I’ve temporarily worked around it with the following patch (on REL1_39 of mediawiki/extensions/OAuth, specifically based on e0c7ffe159):

diff --git a/src/Backend/Hooks.php b/src/Backend/Hooks.php
index f0f4660c..7a6d0a40 100644
--- a/src/Backend/Hooks.php
+++ b/src/Backend/Hooks.php
@@ -155,6 +155,12 @@ EOK;
 			$allTags[] = Utils::getTagName( $row->oarc_id );
 		}
 
+		// Lucas hack: directly return all tags, skip the below query which is apparently very expensive
+		foreach ( $allTags as $tag ) {
+			$tags[] = $tag;
+		}
+		return true;
+
 		// Step 2: Return only those that are in use.
 		$changeTagDefStore = MediaWikiServices::getInstance()->getChangeTagDefStore();
 		$tagIds = [];

I’ve already tried to optimize the table and it hasn’t helped; I’m still able to reproduce the issue by just git stashing the above patch away.

This is especially weird given that there’s only a single OAuth consumer on this wiki, so if I’m not mistaken, the slow query is literally just:

MariaDB [factgridwikidata]> SELECT DISTINCT ct_tag_id FROM factgridchange_tag WHERE ct_tag_id IN (1);
+-----------+
| ct_tag_id |
+-----------+
|         1 |
+-----------+
1 row in set (2.426 sec)

MariaDB [factgridwikidata]> EXPLAIN SELECT DISTINCT ct_tag_id FROM factgridchange_tag WHERE ct_tag_id IN (1);
+------+-------------+--------------------+------+---------------+--------------+---------+-------+---------+-------------+
| id   | select_type | table              | type | possible_keys | key          | key_len | ref   | rows    | Extra       |
+------+-------------+--------------------+------+---------------+--------------+---------+-------+---------+-------------+
|    1 | SIMPLE      | factgridchange_tag | ref  | ct_tag_id_id  | ct_tag_id_id | 4       | const | 3379541 | Using index |
+------+-------------+--------------------+------+---------------+--------------+---------+-------+---------+-------------+
1 row in set (0.001 sec)

Why is it so slow, even though it should only have to find one row and there’s an index on the ct_tag_id? (2.4 seconds isn’t an eternity, but the query seems to run fairly frequently, so that this is still enough to cause issues for the server – there were even some “unable to connect” errors while the database was overloaded.)

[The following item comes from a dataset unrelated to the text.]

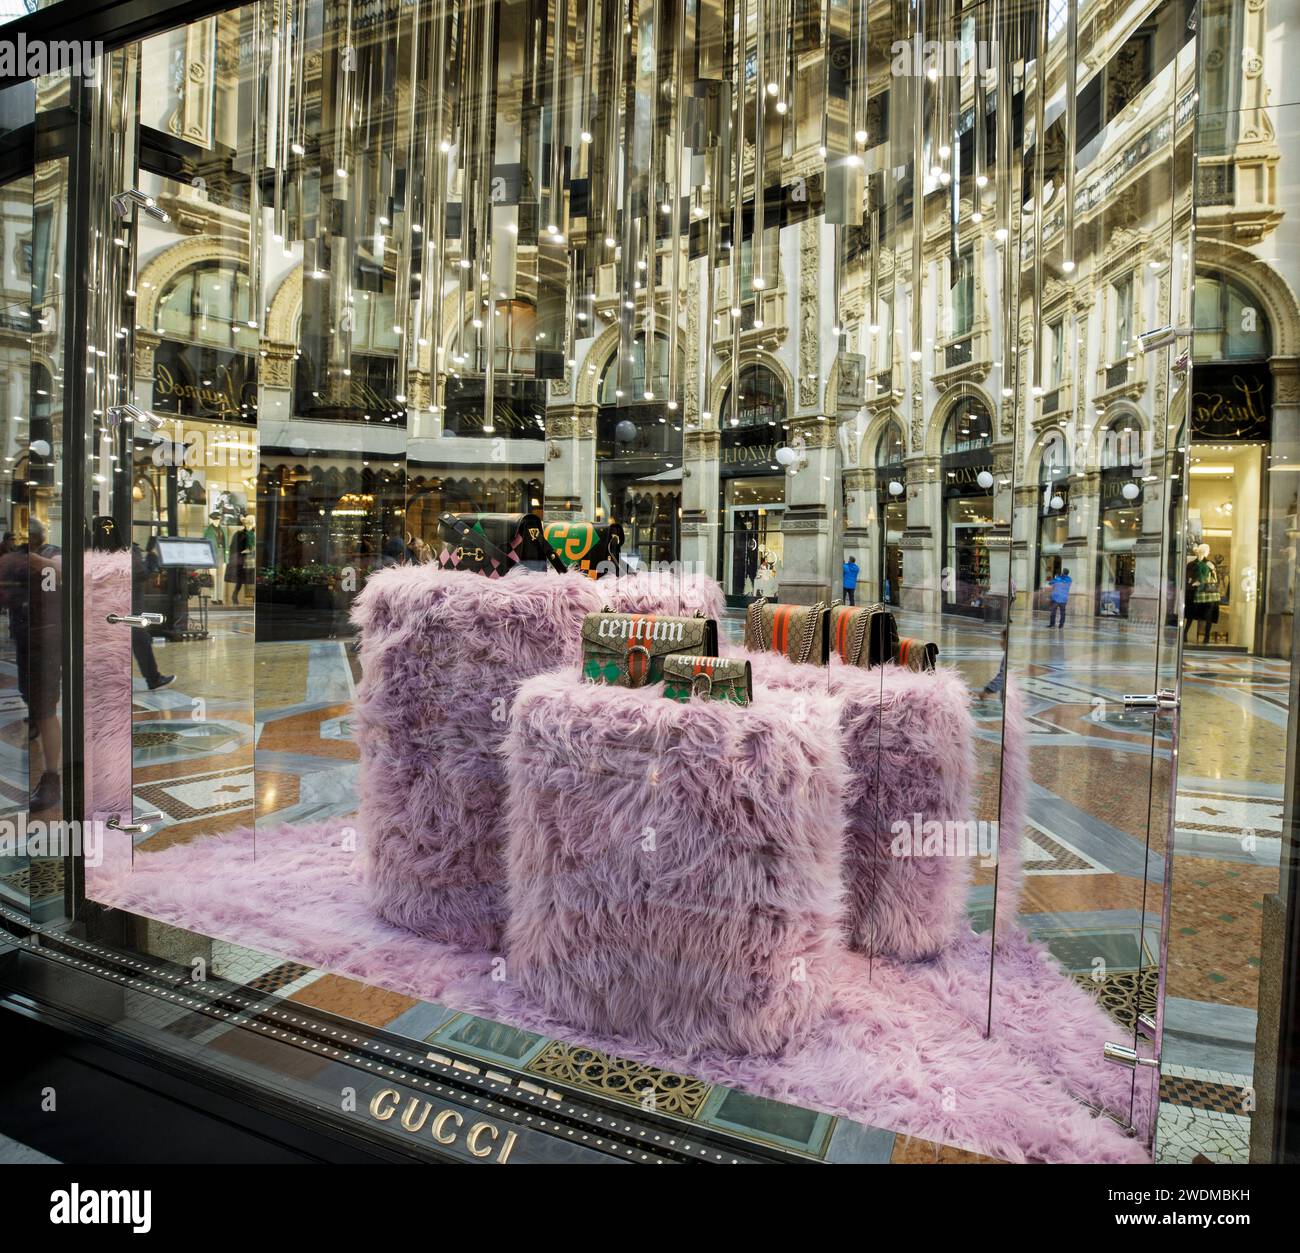 Vetrina per il negozio Gucci nella galleria di negozi di lusso di Milano Vittorio Emanuele II, con cubi, specchi e borse viola morbidi. Foto Stock

Tentatively tagging mariadb-optimizer-bug, since this seemed to happen since the upgrade from MariaDB 10.3 (specifically 10.3.39-0+deb10u2, if I’m not mistaken) to 10.5 (10.5.23-0+deb11u1) – the MediaWiki code wasn’t changed during this upgrade. (Though I’m also surprised that the result of this DB query, cheap or not, isn’t cached somewhere in OAuth, given how often this hook handler seems to be called.)

(Note: Earlier today I had upgraded FactGrid from Debian 9 / Stretch / MariaDB 10.1 to Debian 10 / Buster / MariaDB 10.3, but as far as I could tell, the query only became slow with the Debian 11 / MariaDB 10.5 upgrade.)

Event Timeline

Restricted Application added a subscriber: Aklapper. · View Herald Transcript

Alternatively, the query seems to also become fast again if I just add a LIMIT, like so:

diff --git a/src/Backend/Hooks.php b/src/Backend/Hooks.php
index f0f4660c..ea93646f 100644
--- a/src/Backend/Hooks.php
+++ b/src/Backend/Hooks.php
@@ -179,7 +179,7 @@ EOK;
 				[ $field ],
 				$conditions,
 				__METHOD__,
-				[ 'DISTINCT' ]
+				[ 'DISTINCT', 'LIMIT' => count( $tagIds ) ] // Lucas hack: LIMIT added for T370578
 			);
 			foreach ( $res as $row ) {
 				$tags[] = $changeTagDefStore->getName( intval( $row->ct_tag_id ) );

(This should be correct in cases where there’s more than one OAuth tag ID, though if not all of them are used I guess it might still be slow because MariaDB won’t hit the limit. But that kinda depends on whether this slowness is even affecting anyone else in the first place, I suppose.)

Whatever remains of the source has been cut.